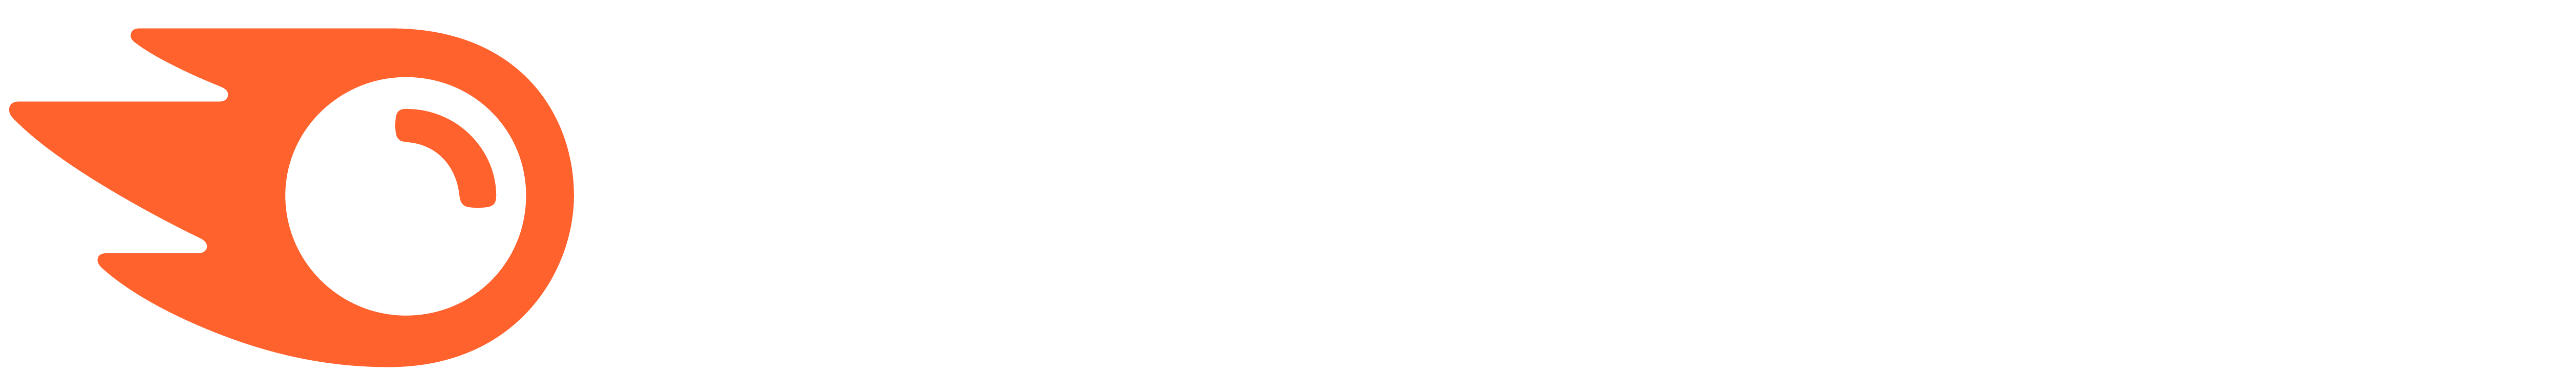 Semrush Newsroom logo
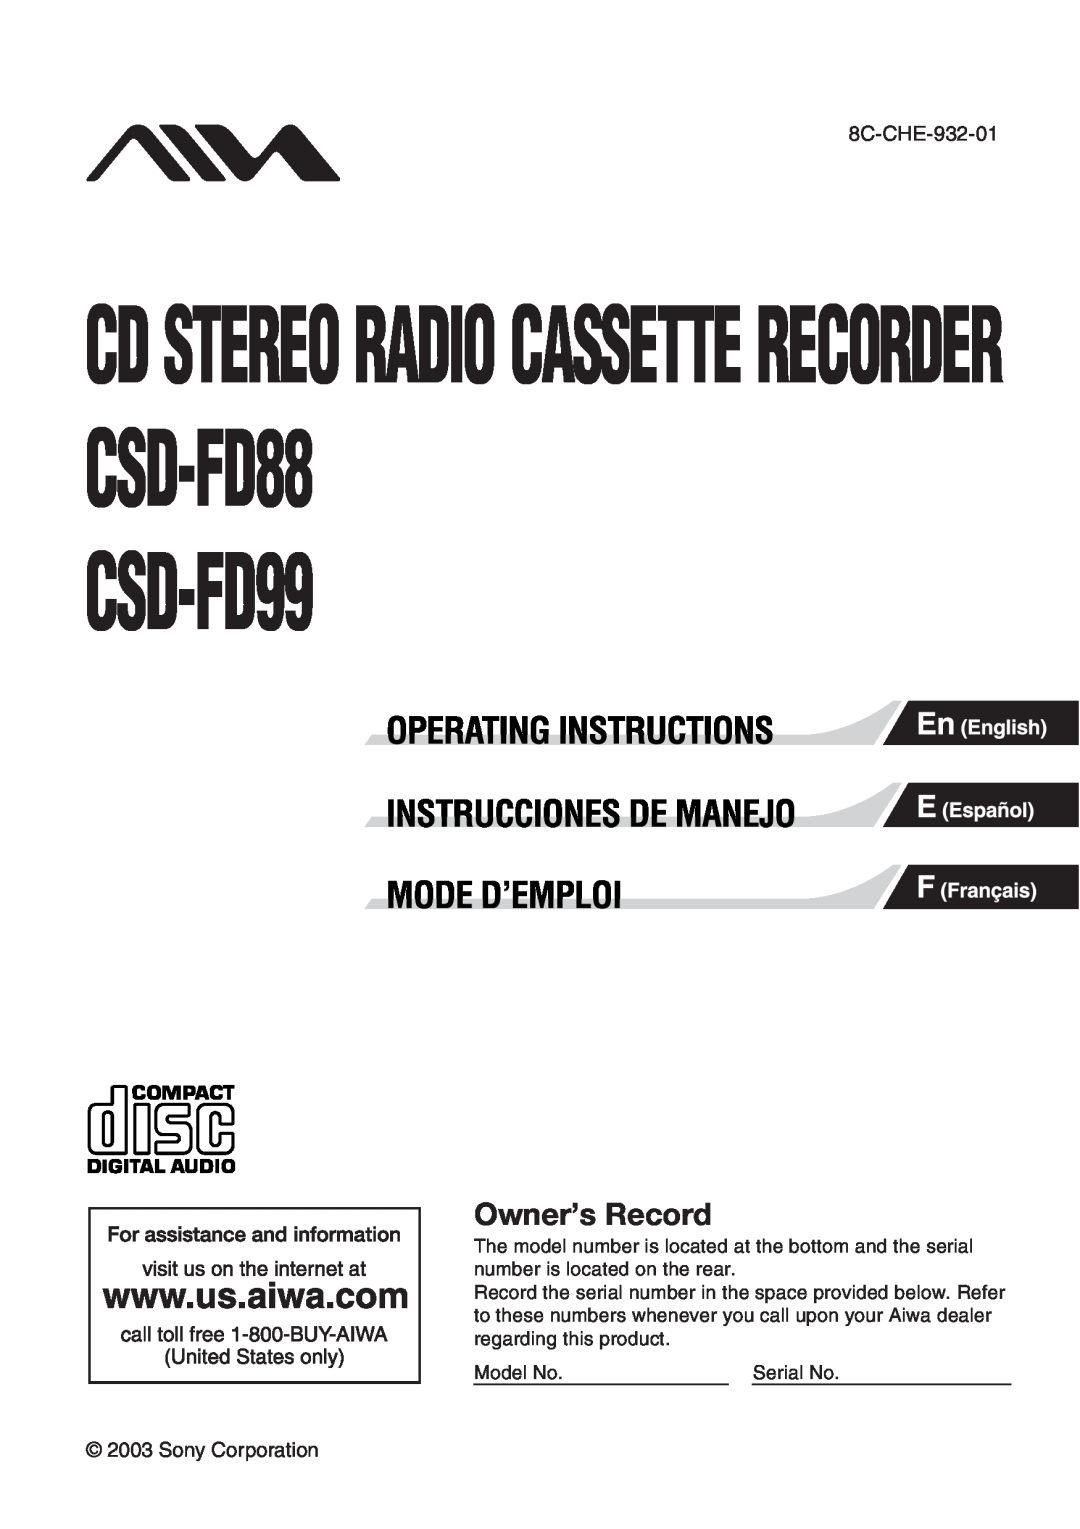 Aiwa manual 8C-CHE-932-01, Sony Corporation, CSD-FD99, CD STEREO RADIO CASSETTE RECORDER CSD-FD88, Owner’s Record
* * *
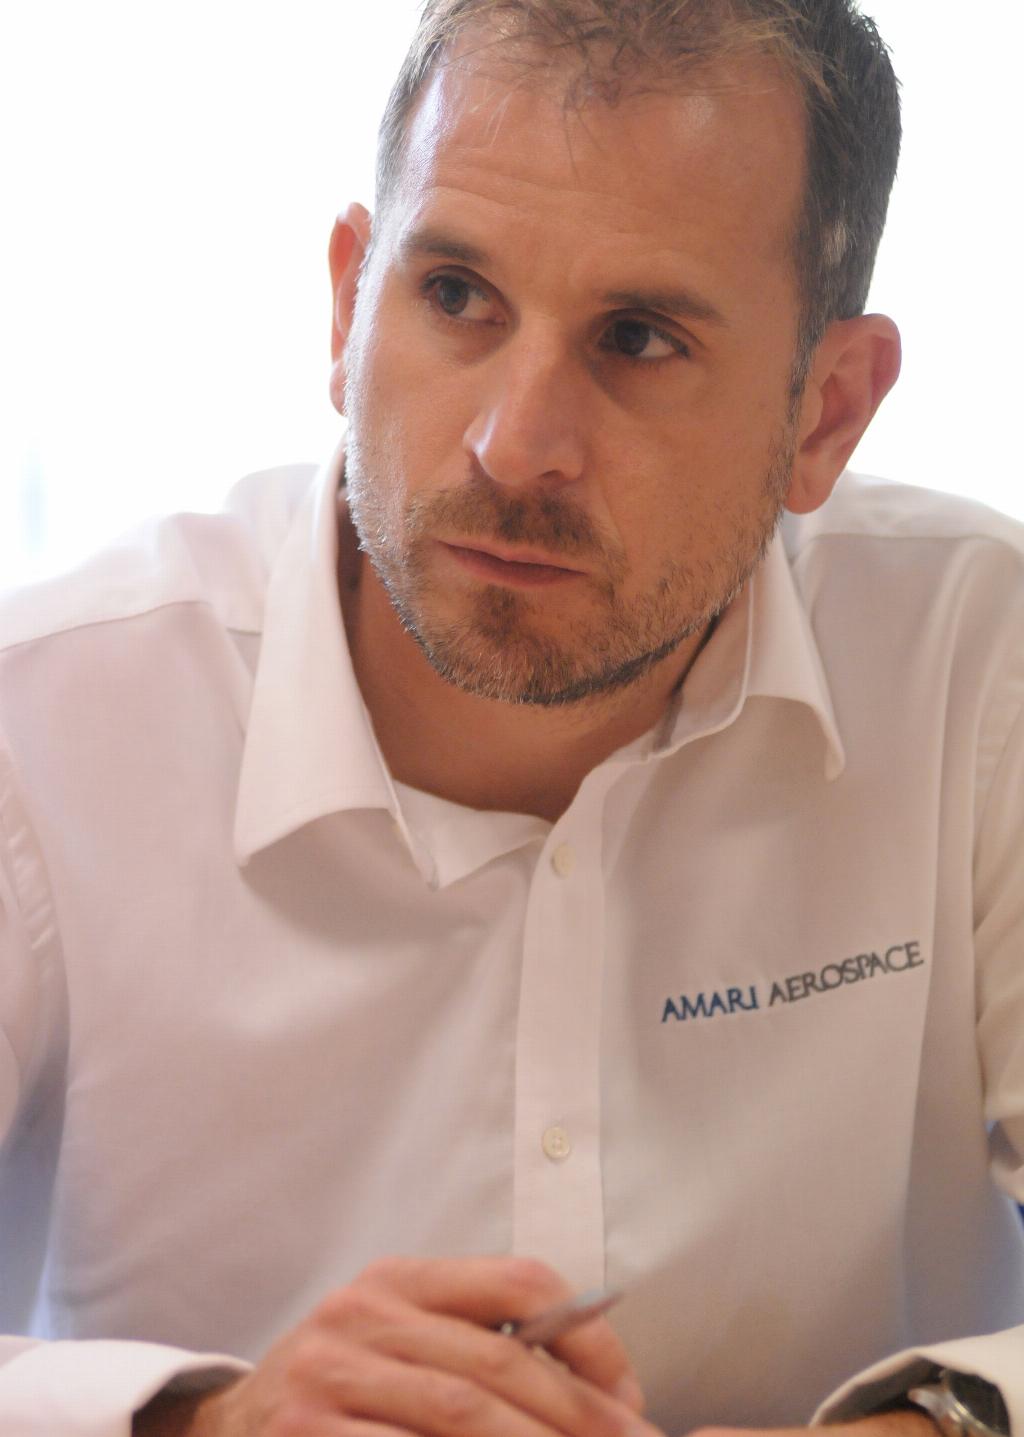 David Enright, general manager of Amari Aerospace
---
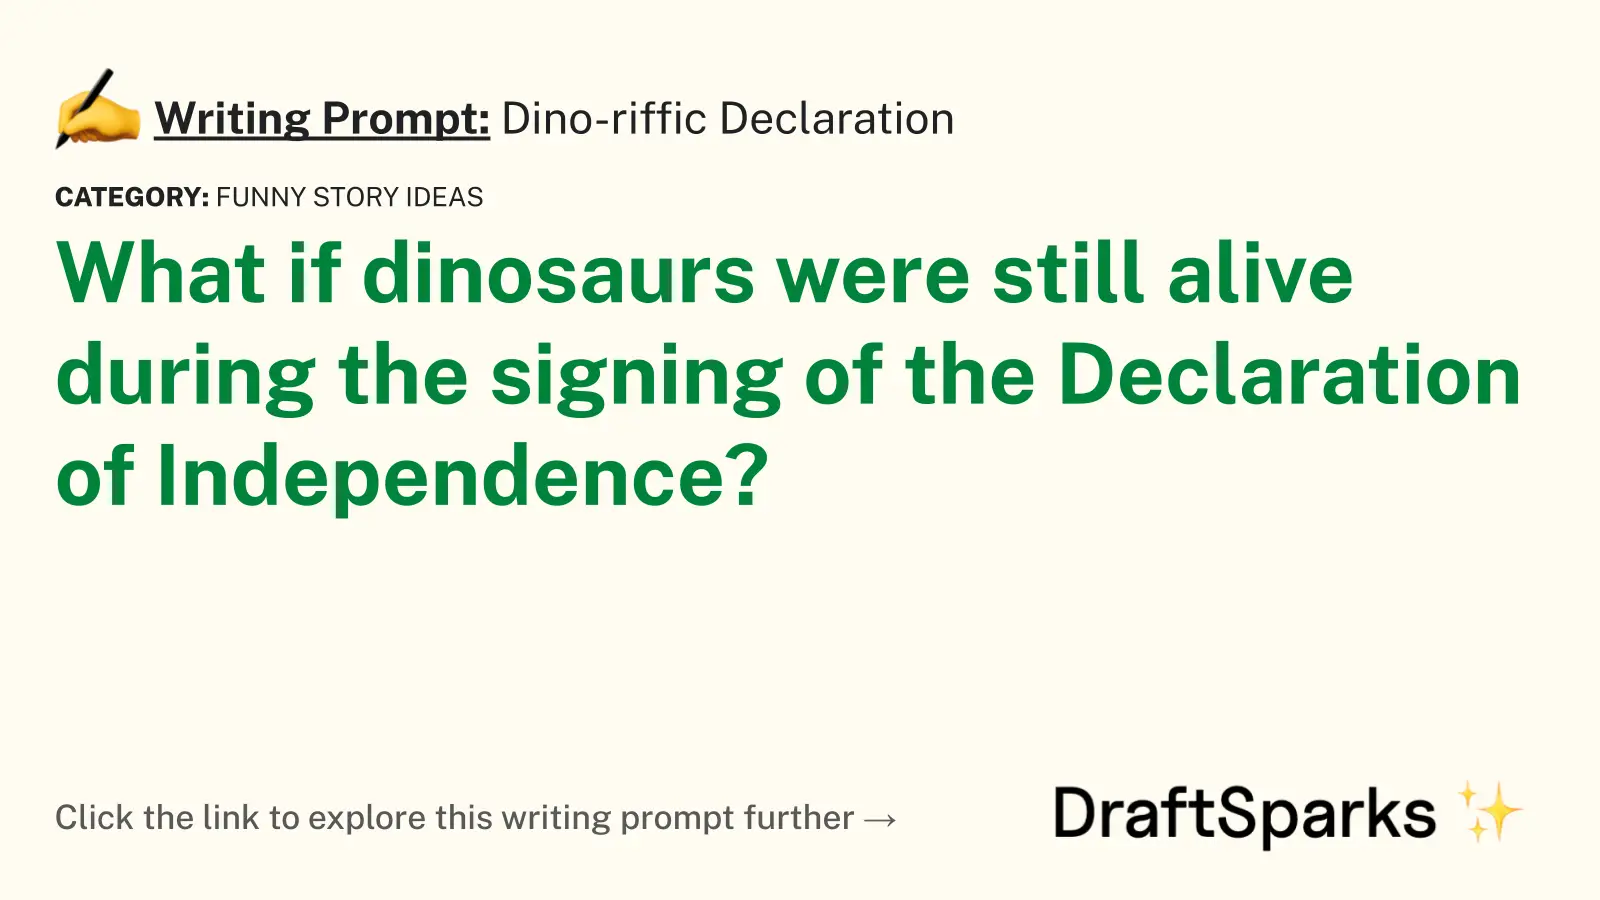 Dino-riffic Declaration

* [THE PROBLEM]: In the listing above, find the line containing "Semrush Newsroom logo" and the line containing "Aiwa manual 8C-CHE-932-01, Sony", then return both of them and every line between, exactly, without pictures.

* [WRITTEN SOLUTION]:
 Semrush Newsroom logo
 Aiwa manual 8C-CHE-932-01, Sony Corporation, CSD-FD99, CD STEREO RADIO CASSETTE RECORDER CSD-FD88, Owner’s Record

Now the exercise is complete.